Asynchronous End Point Framework

This article looks at one way very large datasets can be processed in batches, with the state of the job stored by the Site Session Store worker, which can then be queried for progress updates.

The API Server supports asynchronous requests, with the result of a request being passed in a callback to another worker. This allows us to create a looping process where one end point calls another, then passes the result back to itself, where a decision can be made whether or not to make the call again. Each pass of the loop processes the next set of data. When all of the data has been processed the loop ends and your end point "does something" with the result.

The framework can be used as is and downloaded from this page. The zip file includes several example "target" end points which actually do the job of processing the data, and can be copied and modified as needed.

Quick Start

Download and import the end point group in the downloads area. You'll find them in a group called formstraining.ajaxpolling.

The start end point has several tests you can run. The Article Query test is looked at in more detail below.

To add your own end point into the framework, it's name needs to be passed to the start end point as the endPointName parameter.

The example framework includes a state storage mechanism which uses the Site Session Store worker. This standard worker is not enabled by default in all sites. You may need to add it into the config file of your API Server as

{ "name": "sitesessionstore", "instances": 1 }

Overview

The core of the framework uses three end points: start, continueCB, and your own target end point. The end points interacting with the Session Store worker are optional and can be removed, and references to them removed from the other end points and their schema.

End Points

Start

The start end point first creates a session which is used to record the progress of the job. It then calls your target end point asynchronously, which will actually do the work that's needed.

resp = this.callWorkerMethod("serverlibrary", params.endPointName, { "sessionData": sessionData, "endPointParams": endPointParams, "_async": { "asyncCallerId": params.id, "callback": { "methodName": "formstraining.ajaxpolling.continueCB", "workerName": "serverlibrary", "additionalParams": { "endPointName": params.endPointName, "id": params.id, "endPointParams": endPointParams, "sessionData": sessionData } } } });

The result of the call to your target end point is passed to continueCB, along with the parameters of the original request in the additionalParams. Passing the original parameters in this way maintains them throughout the loop.

Parameters

The start End points requires the following.
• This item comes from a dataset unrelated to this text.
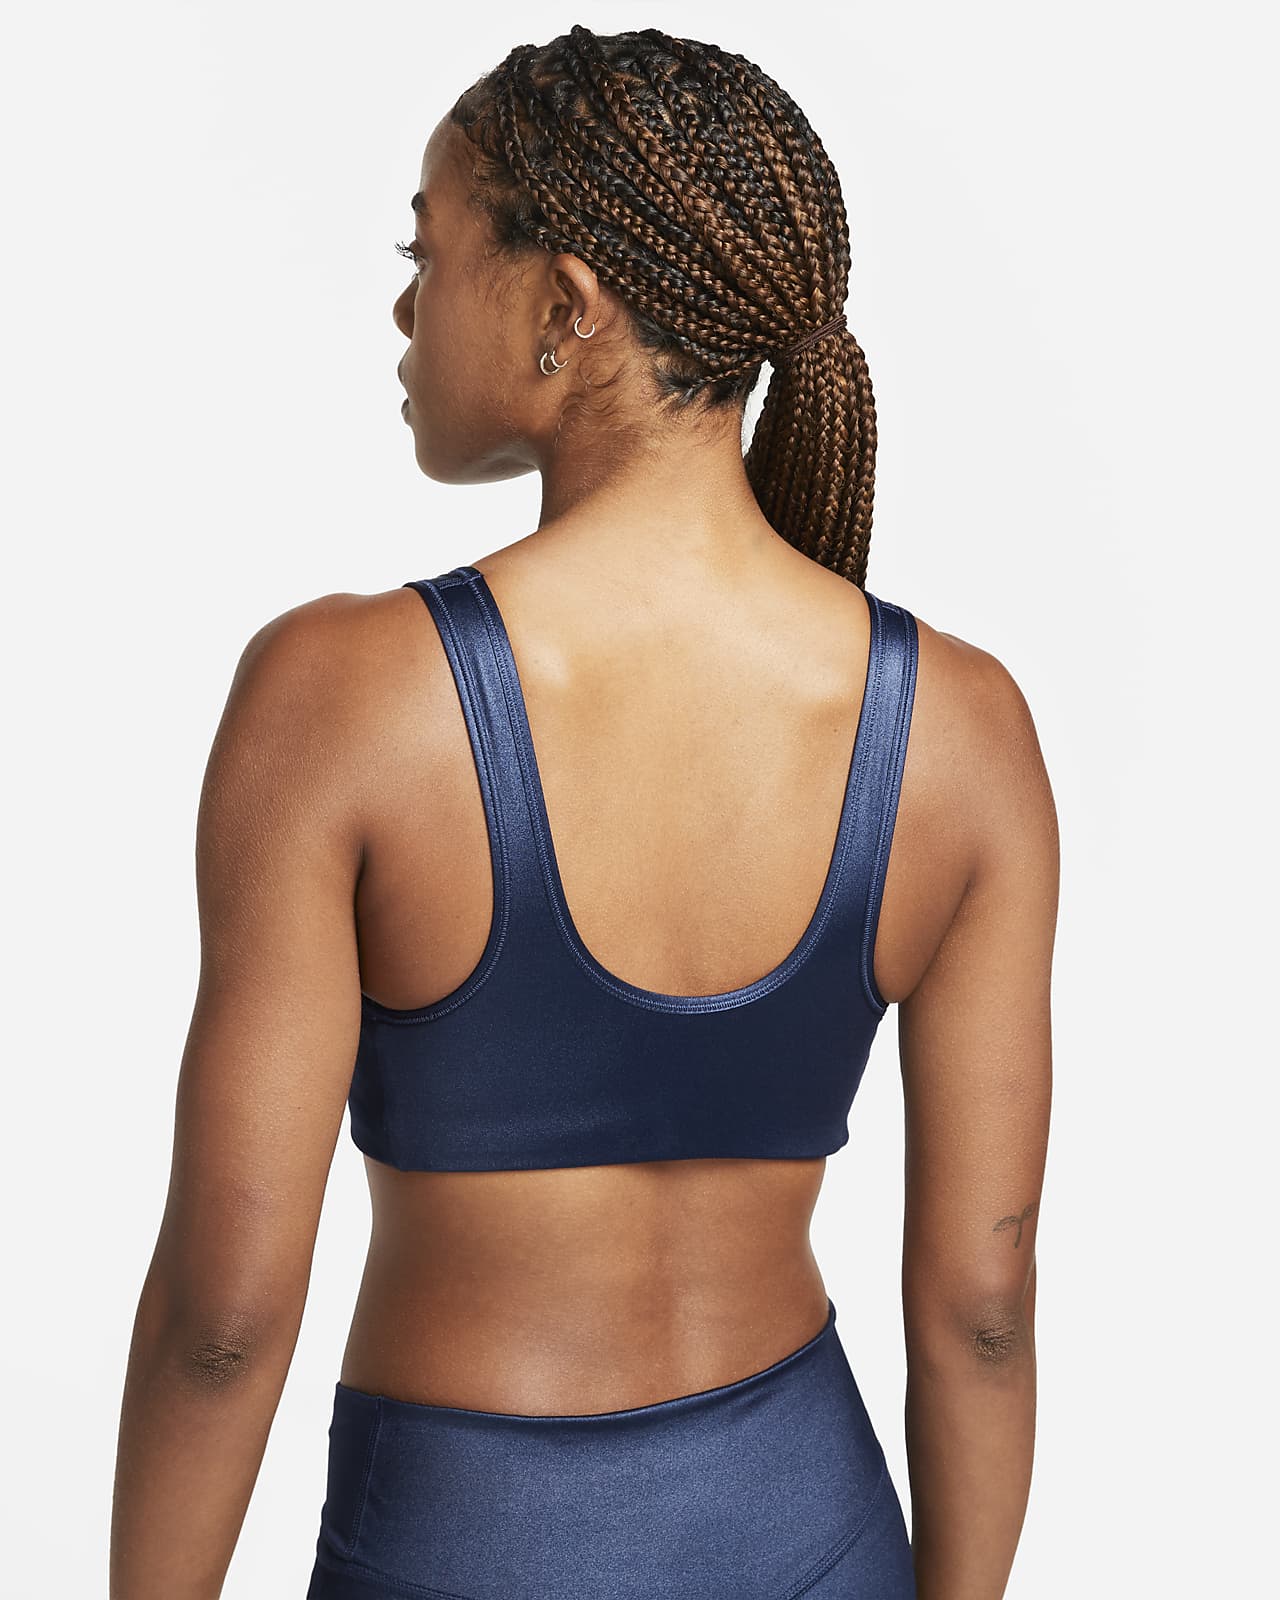 Nike Nike Swoosh Women's Medium-Support Pro Sports Bra - Black $ 30

{ "endPointName": "formstraining.examples.articleQuery", "endPointParams": { "fromEmail": "test@testsite.com", "batchSize": 10, "toEmail": "me@testsite.com" }, "id": "1" }

endPointName - the name of your target end point that will do the work in batches
endPointParams - the parameters object included with the initial request to the target end point
id - recorded throughout the processing

Target

The target end point actually performs the job you need doing (database queries, requests to other services, sending spam etc). It is also responsible for batching up the data to process. It is called in two different situations:

An initial request is made by the start end point. This request must include all of the parameters your end point needs in the endPointParams object.
Subsequent requests are made by the continueCB end point. This end point maintains the endPointParams of the initial request and a previousResult object which holds the result of the initial and subsequent calls to the target end point.

The response from your target end point must return an object. This object should include:

A "complete" boolean to indicate whether or not processing is complete
An optional "progress" : { "progressPercent" : 50 } property
An optional finalResult property (which will be stored in the session data)
Parameters needed for the next pass of the loop

Example - Article Query

In reality this example wouldn't need to be processed in batches. Querying one or two properties of items in the iCM database is fairly quick, even when dealing with thousands of items. However, if you are requesting object data, or article content, responses will be slower and use more memory, so making queries in batches of 50 or so makes sense.

This end point queries the iCM database for all article headings and IDs. Articles are queried in batches of ten, and the result of each query is added to a CSV file. The CSV is emailed at the end of the process and then deleted.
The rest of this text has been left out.